Would be nice if all datetime functions which now supports as second parameter a string representing the timezone will support also an integer that specify the timezone offset in seconds.

so Instead specifying toRelativeMonthNum(date, 'Europe/Bucharest') I can specify toRelativeMonthNum(date, 10800) . This will make more easy working with date times in ISO 8601 format where you receive dates like: 2017-07-01T00:00:00+03:00

What do you think ?

silviucpp commented 7 years ago

Beside my previous questions there is any challenge to support fractional offsets like Asia/Kolkata which is UTC+05:30 ? Or just something that was missed ?

alexey-milovidov commented 7 years ago

Would be nice if all datetime functions which now supports as second parameter a string representing the timezone will support also an integer that specify the timezone offset in seconds.

This is reasonable, and it seems relatively easy to implement.

Beside my previous questions there is any challenge to support fractional offsets like Asia/Kolkata which is UTC+05:30 ? Or just something that was missed ?

There is some challenge.

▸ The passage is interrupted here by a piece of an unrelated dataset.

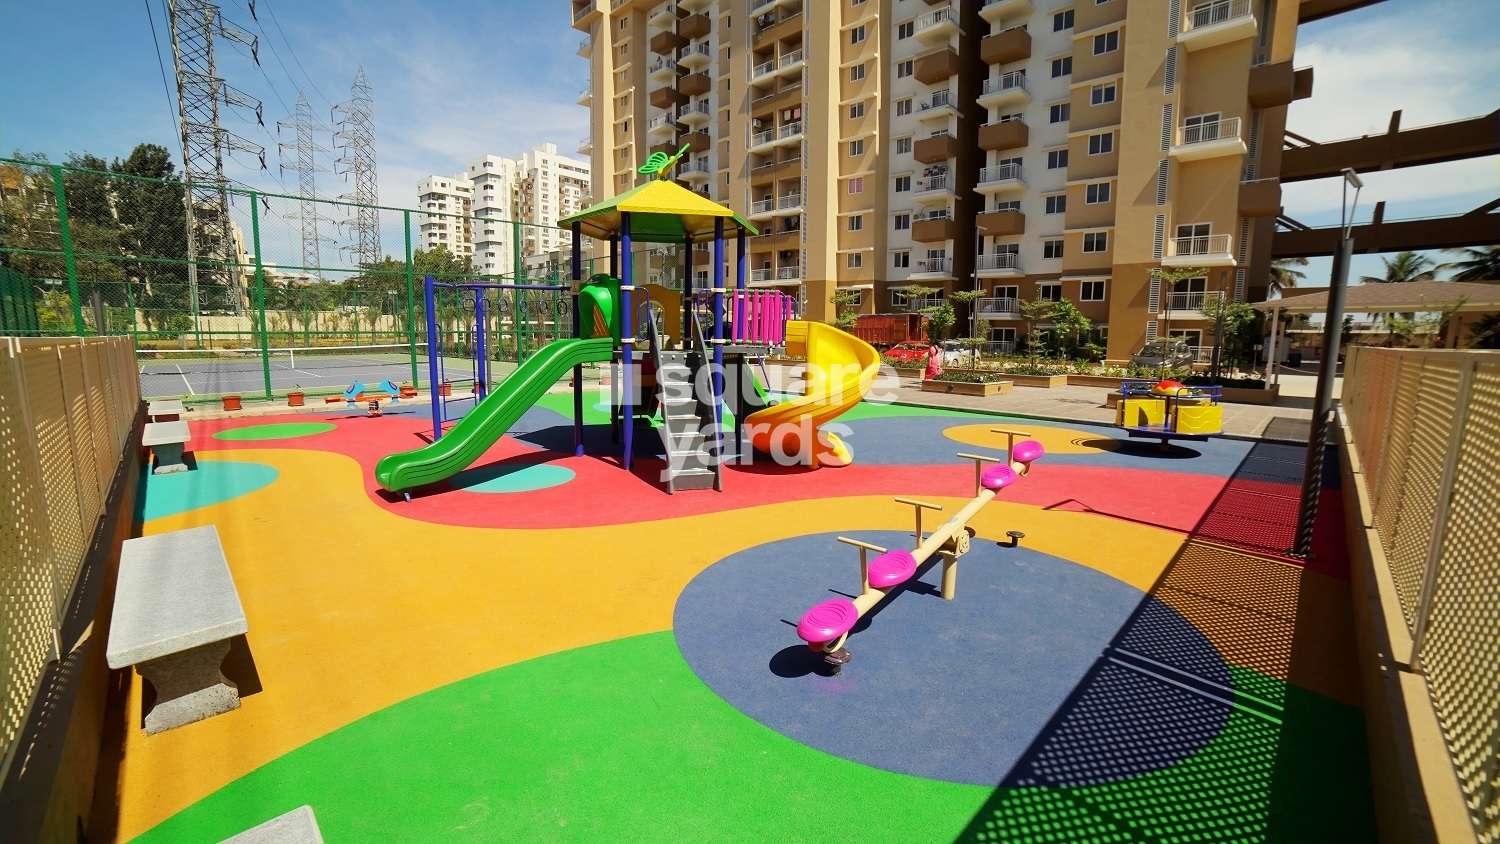 vaswani menlo park project amenities features10 6719

Currently the code in DateLUT use the assumption that UTC offset is whole number of hours. If we drop this assumption, the code will become somewhat slower.

But the proper solution is possible: we need to provide several different function specializations in DateLUT - one for timezones with whole offsets and one with support of fractional timezones.

Then we need to dispatch for proper specialization, but we need to take care to do dispatch outside of inner loops.

silviucpp commented 7 years ago

Hy Alexey can this become a priority for you ? I checked a bit your code and I found that:

I'm ok to contribute to the code if I have some clear guides from your side ! Silviu

alexey-milovidov commented 7 years ago

for each timezone at this point you create an instance of that timezone (as a singleton of DateLUT) which means if we add seconds as second param we will have lot of singletons created for each offset (timezone names are limited - number of seconds somehow are not) you don't consider this as a problem ?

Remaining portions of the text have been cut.